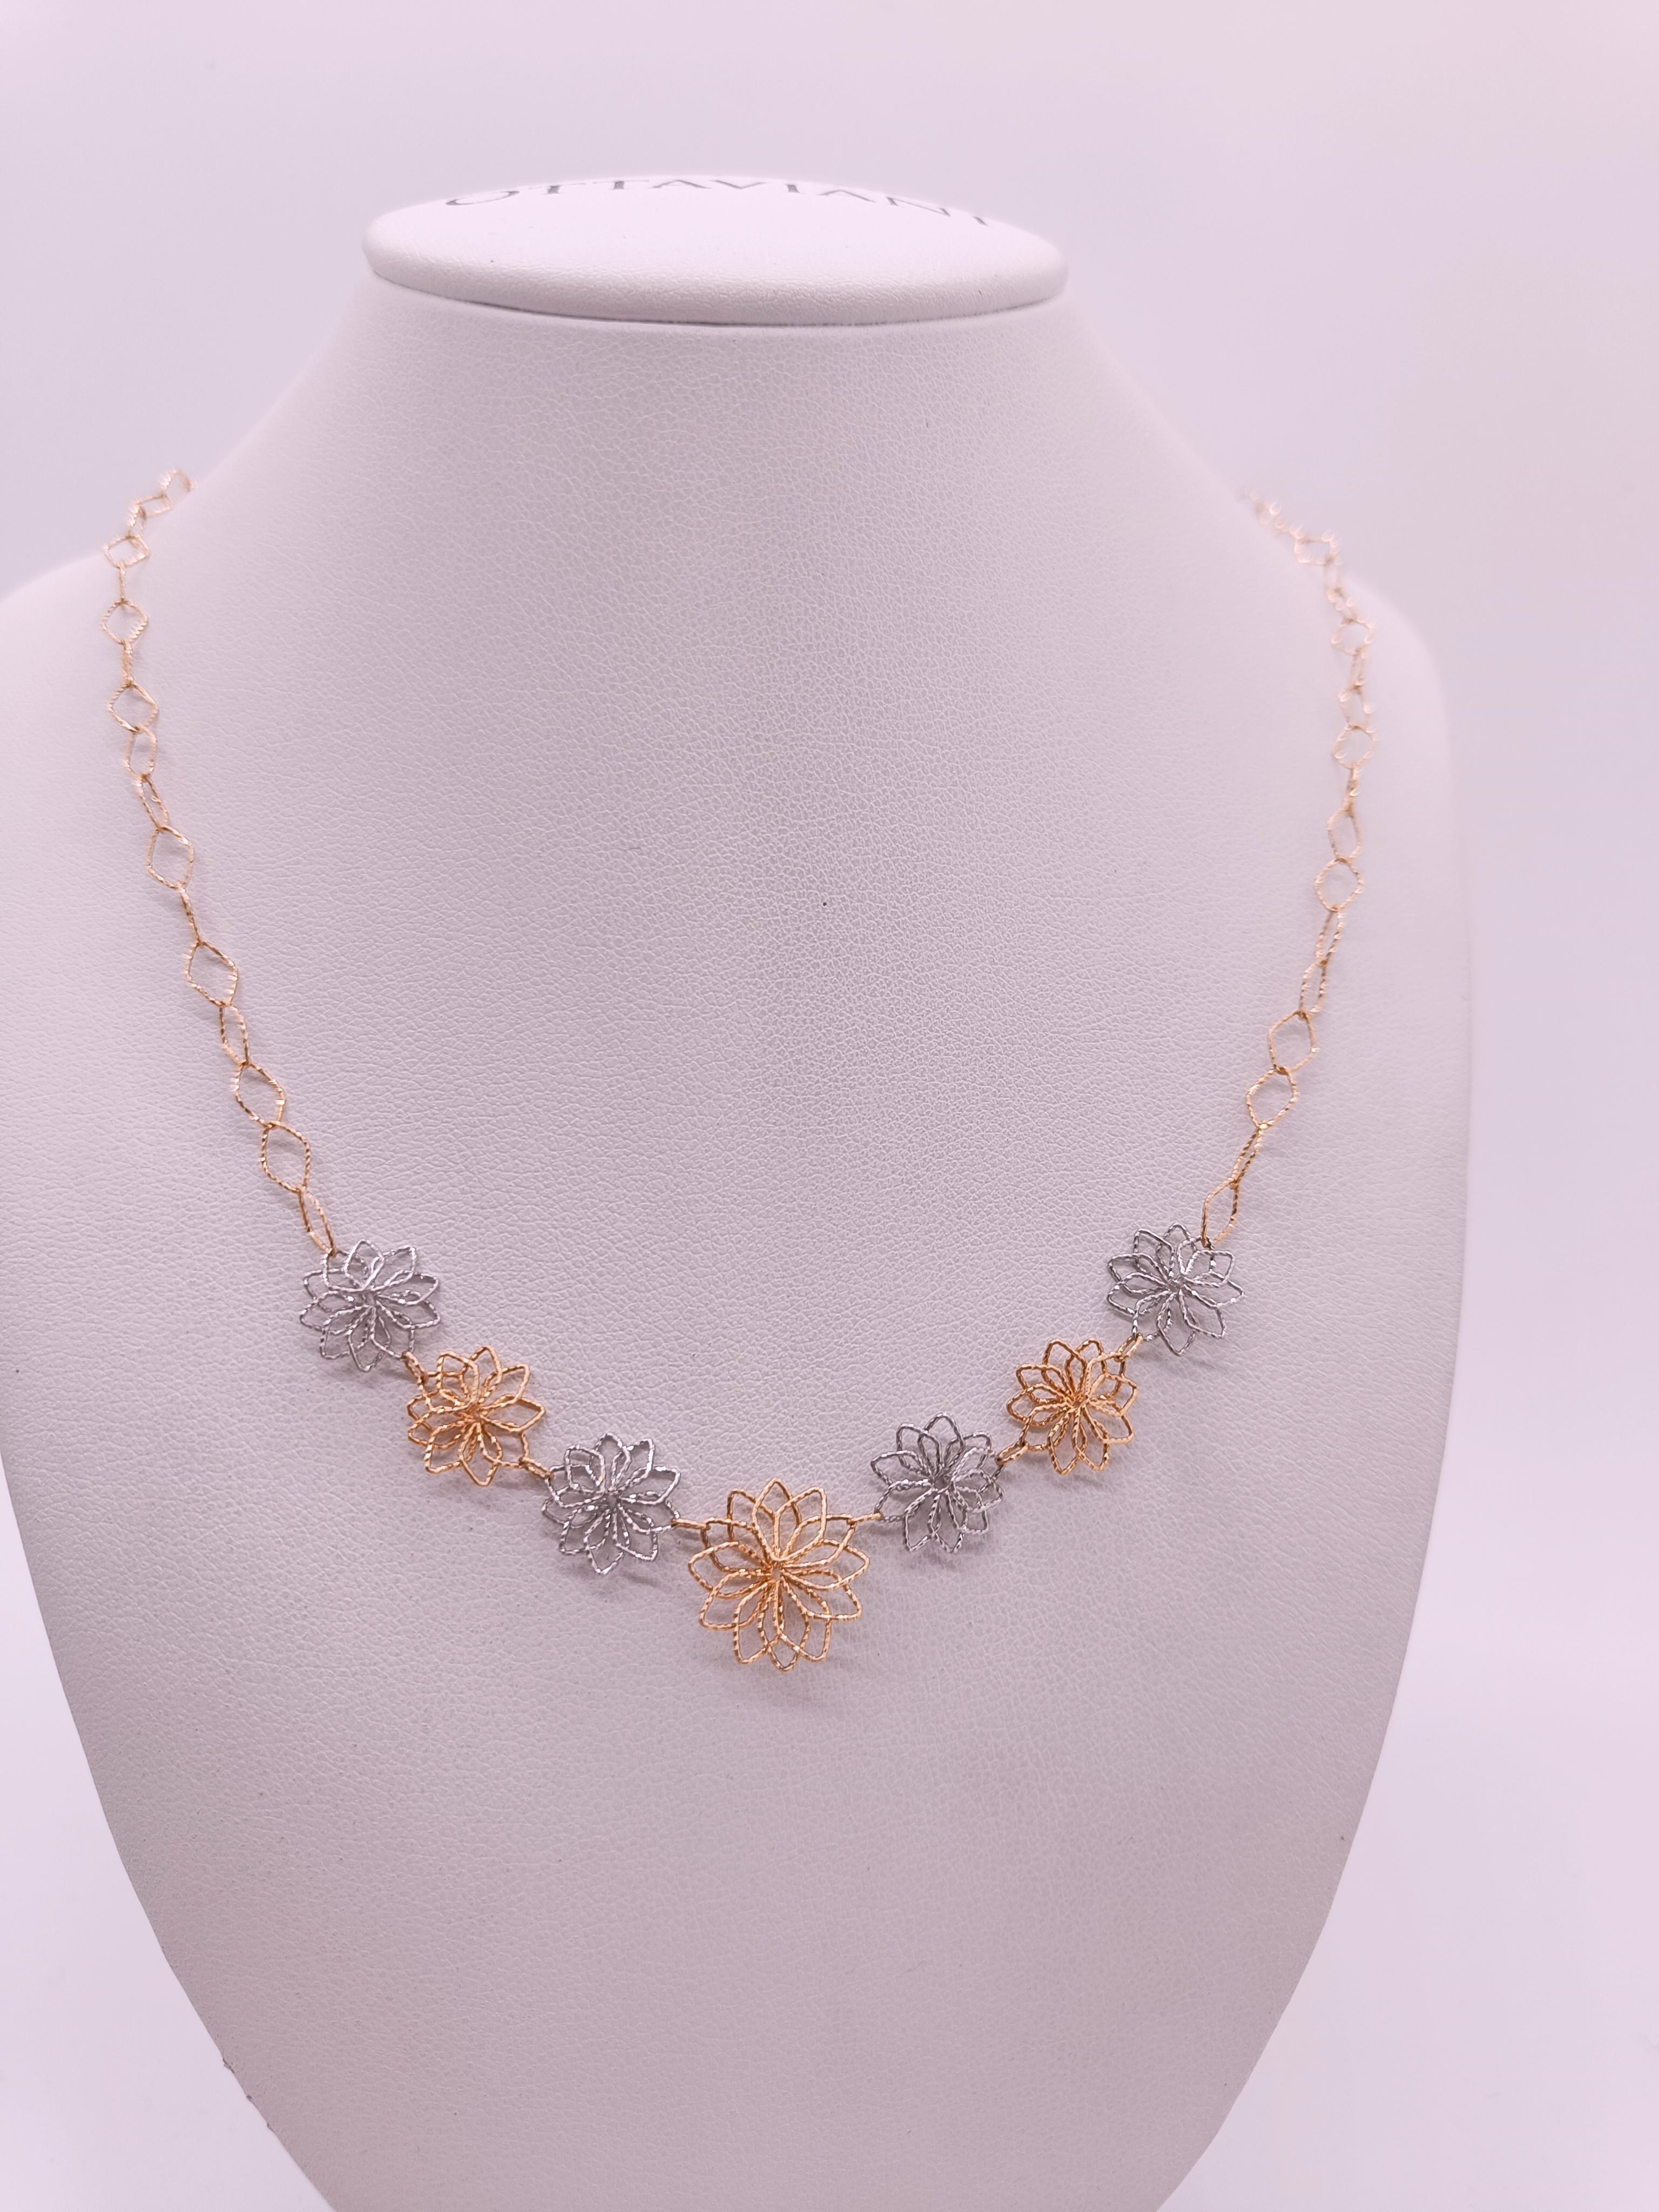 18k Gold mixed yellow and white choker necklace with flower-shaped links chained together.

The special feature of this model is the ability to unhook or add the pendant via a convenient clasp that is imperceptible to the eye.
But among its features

------------------------------------------------

» ACTIVITY: Please return the whole listing exactly. Do not copy its images.

» WRITTEN REPLY:
 18k Gold mixed yellow and white choker necklace with flower-shaped links chained together.

The special feature of this model is the ability to unhook or add the pendant via a convenient clasp that is imperceptible to the eye.
But among its features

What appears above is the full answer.